Concrete barriers went up everywhere, but the exclave of Steinbrücken was surrounded only by Frisian horses, known in Germany by the name of Czech porcupine, because they were used by the Czechoslovakian forces in the useless defense of their territory from the attack of the Nazis, all beginning of the Second World War. An obstacle evidently less effective than the concrete barrier, so much so that for a few weeks Steinstücken became the favorite escape point towards the west for citizens from the east: while along the entire perimeter of the city the passage became increasingly difficult, here it was still relatively simple escape. Steinstücken became a hot scene of the Cold War, despite the strengthened controls of the Vopos, the people's police of the GDR. Indeed, the flight to freedom of twenty border soldiers led the regime authorities to replace the Frisian horses here too with a concrete barrier. The Wall now surrounded the entire exclave.
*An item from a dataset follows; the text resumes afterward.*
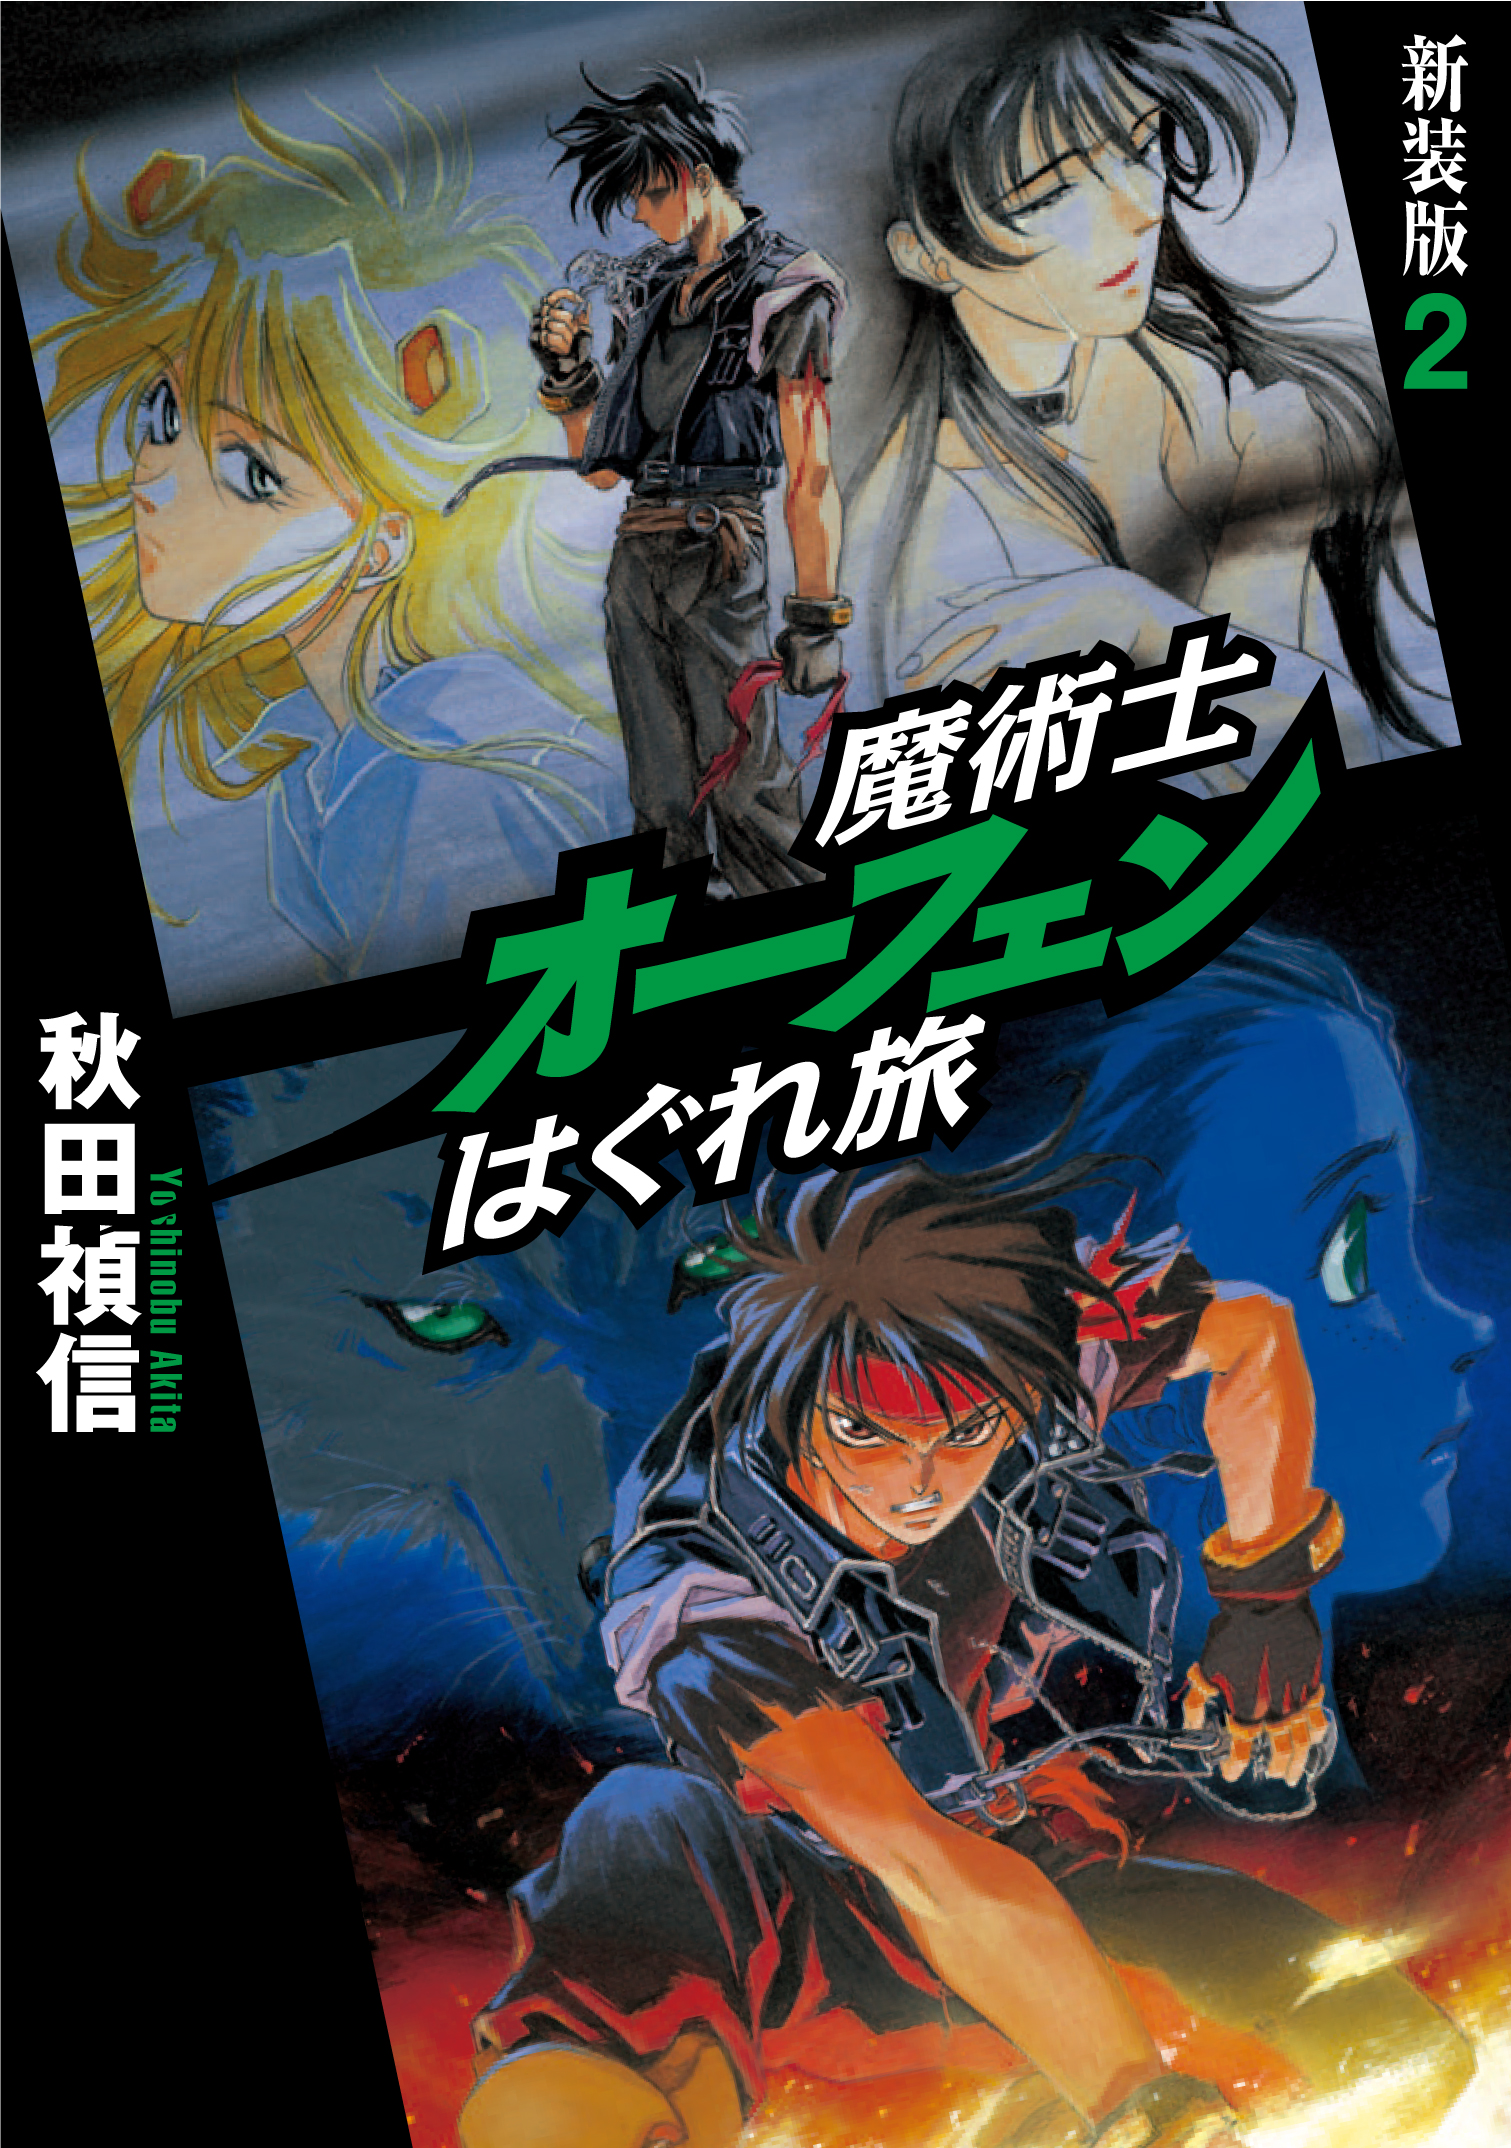 Sorcerous Stabber Orphen: The Wayward Journey Volume 3 by Yoshinobu Akita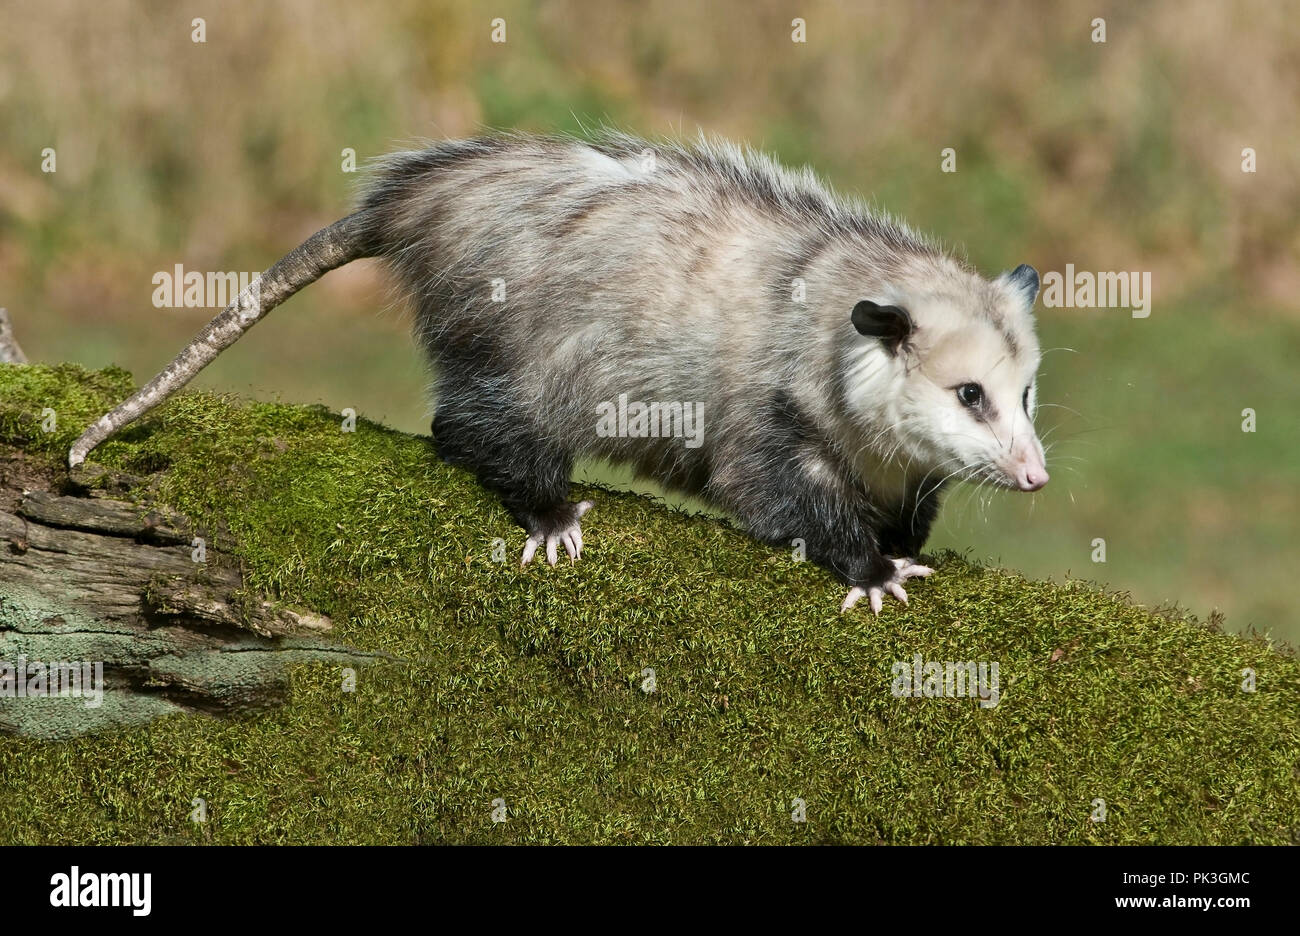 L'Opossum de Virginie (Didelphis virginiana), E Amérique du Nord, par aller Moody/Dembinsky Assoc Photo Banque D'Images

Relief came from the sky, in the form of General Lucius Clay, the hero of the airlift thirteen years earlier. Clay had become accustomed to bypassing the Soviet blockades from above and arrived in Steinstücken by helicopter: to reassure the inhabitants he left the three soldiers and their captain there, bringing the population to 184 souls. The helicopter became, for another ten years, the only means of transport connecting the exclave to West Berlin: a landing area was built and today a helicopter-monument recalls the times when no West Berliner could get to Steinstücken: no friends, no relatives, only doctors, craftsmen for house repairs and firefighters for emergencies, all in helicopters.

The solution came in two stages. The first, eleven years later, in 1971, in the wake of the relaxation produced by Willy Brandt's Ostpolitik which led to the first agreements between the four powers that administered Berlin: it was decided to reconnect the exclave to the western sector, through a long corridor one kilometer and twenty meters wide, squeezed between two long concrete barriers. The Berlin Wall thus had its last extension. The second, eighteen years later, on the night of November 9, 1989, when the Wall fell and Steinstücken was liberated forever, towards the west and towards the east.

The road you travel on now is the same one that was built in 1971. It is the Bernhard-Beyer-Straße but it is difficult to imagine it closed by the kilometer of Wall that ran around it. Today everything is free, the view is limited only by the green barrier of the forest, you arrive in the former enclave and can easily turn left and right, return to Berlin by another route or head south towards Babelsberg or west towards Potsdam . It has a certain effect, even if no one is there. In the first months of 1972, many curious people and tourists flocked along this narrow roadway to rediscover, like improvised anthropologists, the population that had lived isolated for twenty years. Today this history is almost forgotten and tourists of the Wall turn away.